Isso deixa Biden com duas opções. O seu resultado preferido é um avanço nas conversações no Qatar, que levaria tanto à libertação de alguns dos reféns feitos pelo Hamas em 7 de Outubro como a uma pausa nos combates, permitindo o fluxo de ajuda. apressar o dia do acerto de contas pelo seu papel em ter deixado as comunidades do sul de Israel tão expostas há seis meses ao Hamas – quer esse acerto de contas esteja nas mãos do eleitorado ou de uma comissão de inquérito. Ele prefere ganhar tempo, de preferência até novembro, quando Netanyahu espera dizer adeus a Biden e dar as boas-vindas a Trump.

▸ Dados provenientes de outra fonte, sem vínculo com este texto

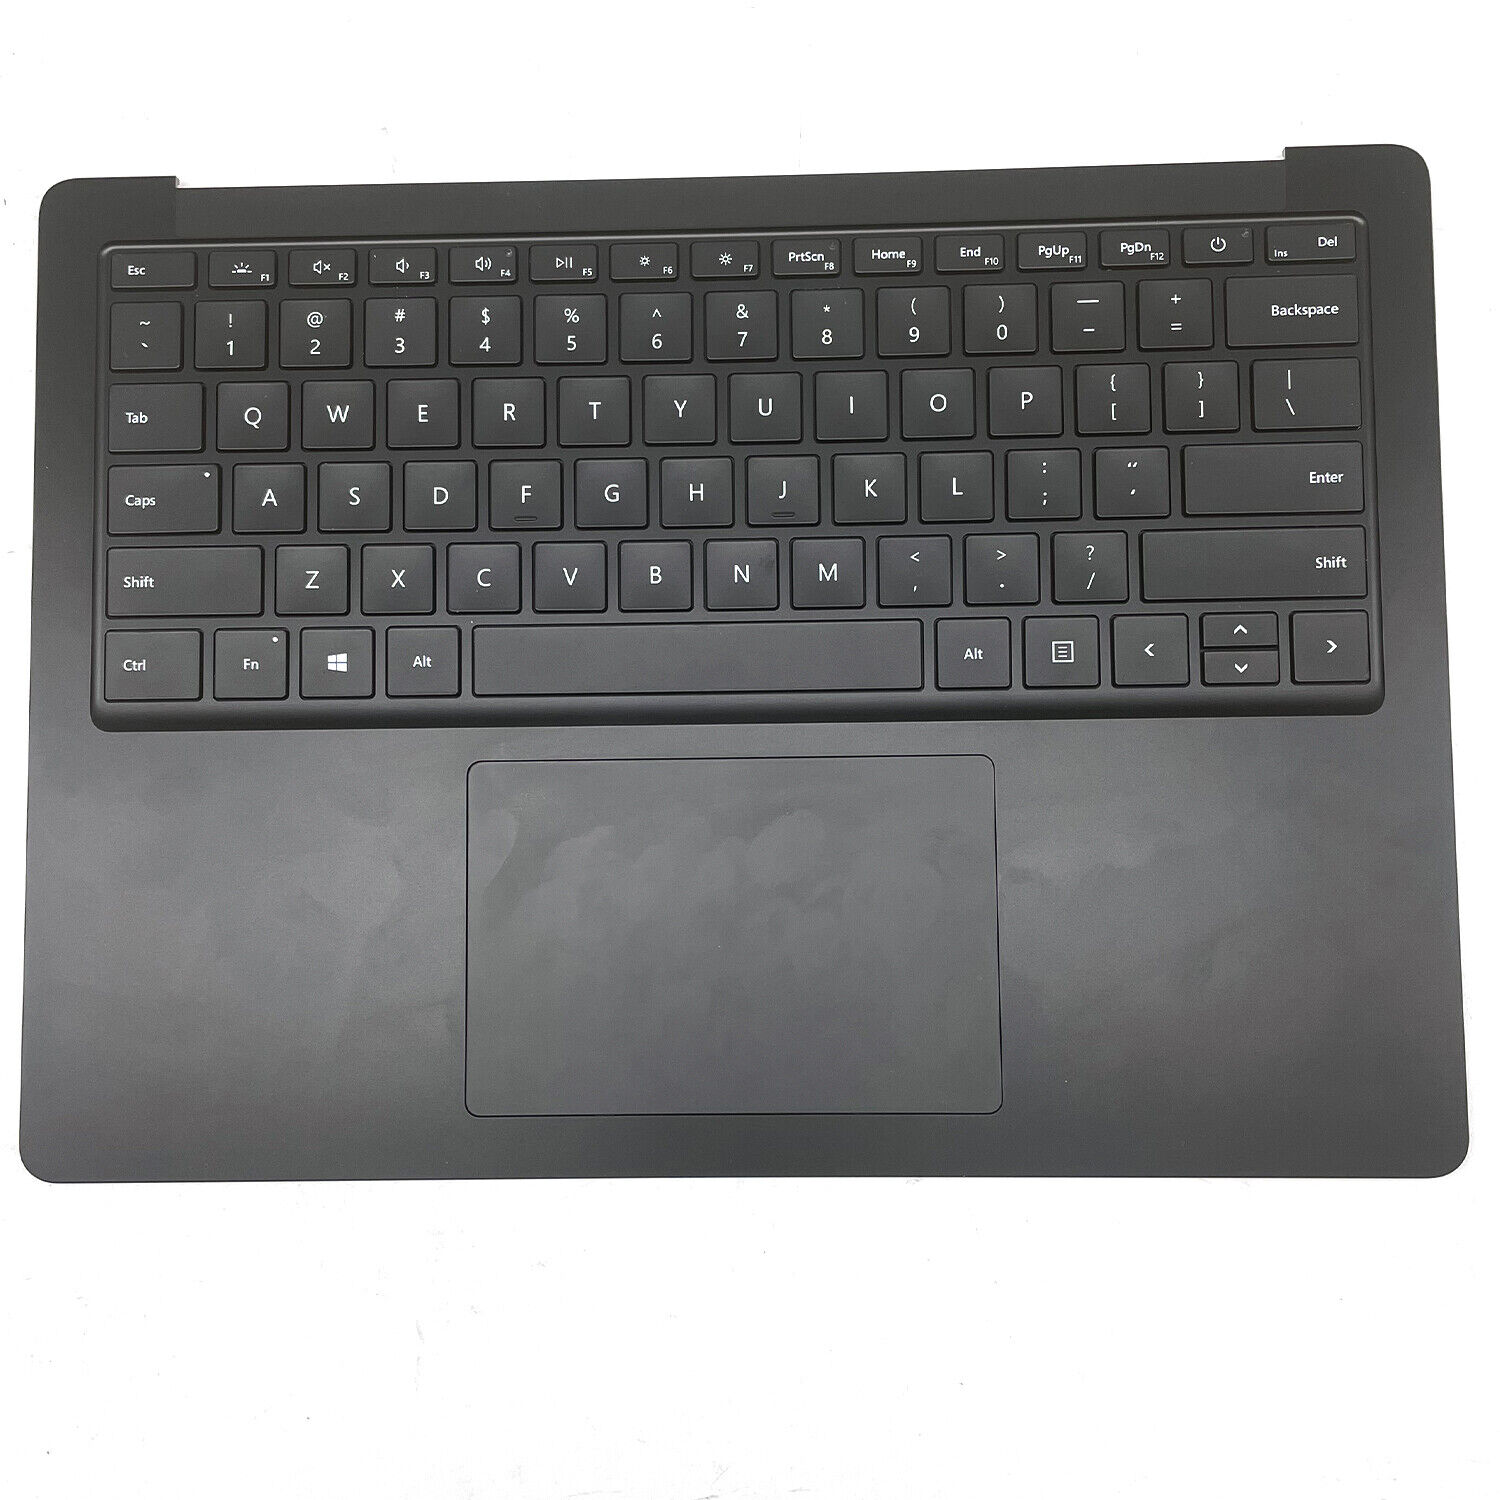 Black Palmrest Backlit Keyboard Touchpad For Microsoft Surface 3/4 13.5

A alternativa para Biden é mais difícil. No mês passado, ele emitiu um novo protocolo, exigindo que os países que recebem armas dos EUA afirmassem por escrito que cumprem o direito internacional, inclusive em matéria de ajuda humanitária. Se os EUA não certificarem essa declaração, todas as vendas de armas cessarão imediatamente. No caso de Israel, o prazo para certificação é domingo.

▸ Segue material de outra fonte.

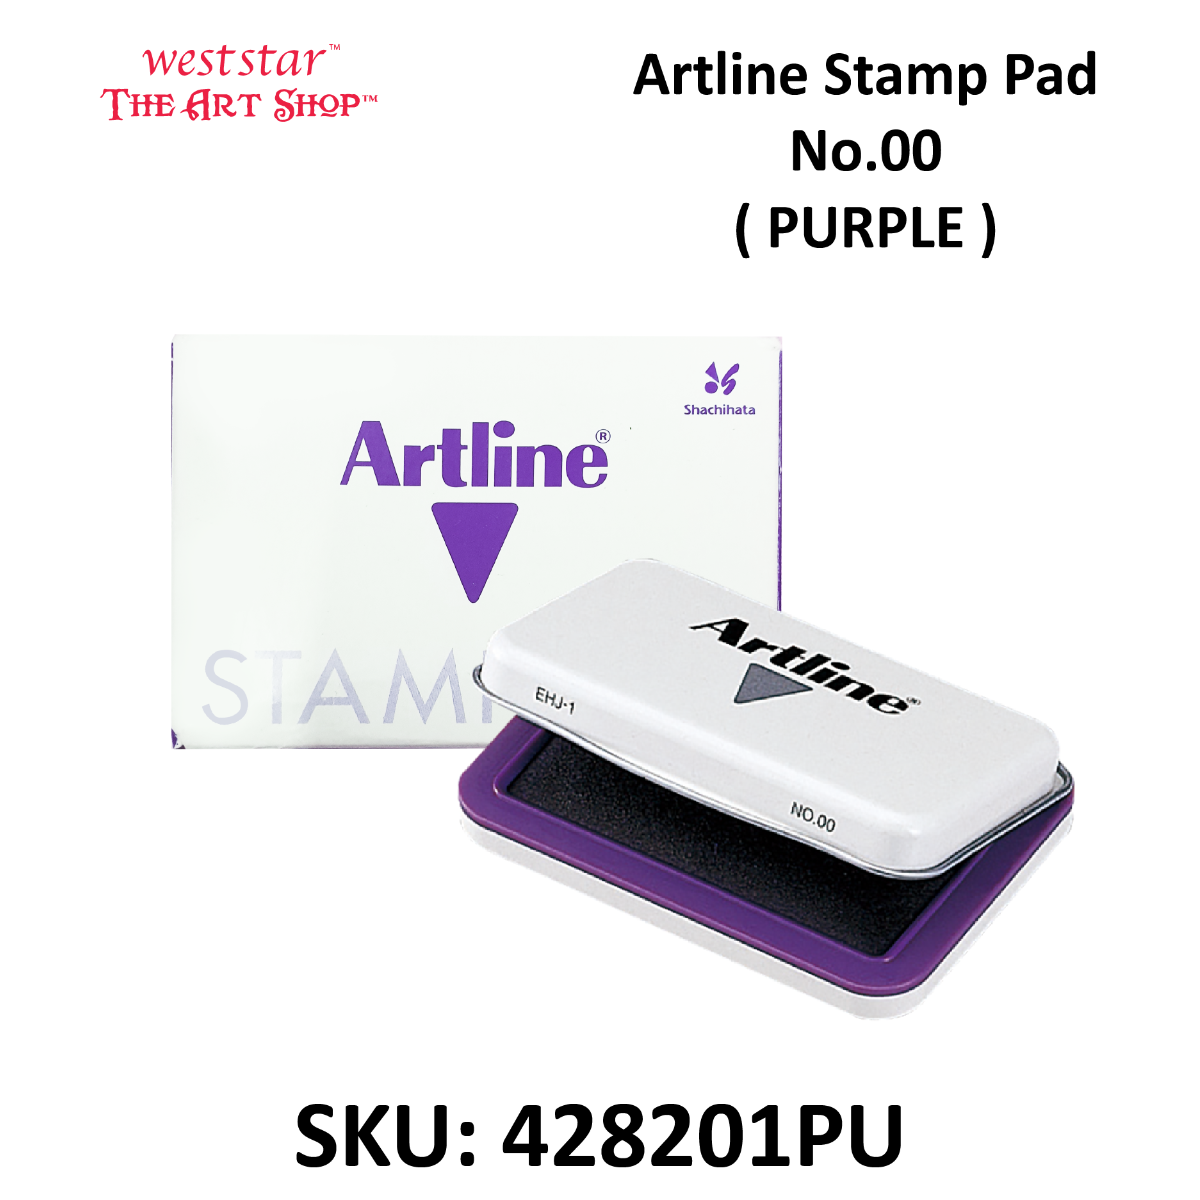 Artline Stamp Pad No.00 ( Small ) | grp

Joe Biden não quer ser o homem que deixou de armar Israel, até porque isso deixaria o país vulnerável ao poderoso arsenal do Hezbollah, mesmo do outro lado da fronteira norte com o Líbano. Sua administração está dividida e ele pode considerar isso demais. Mas ele precisa de ver imediatamente uma inundação de alimentos em Gaza. Ele tentou perguntar gentilmente a Netanyahu. Agora ele precisa ficar duro.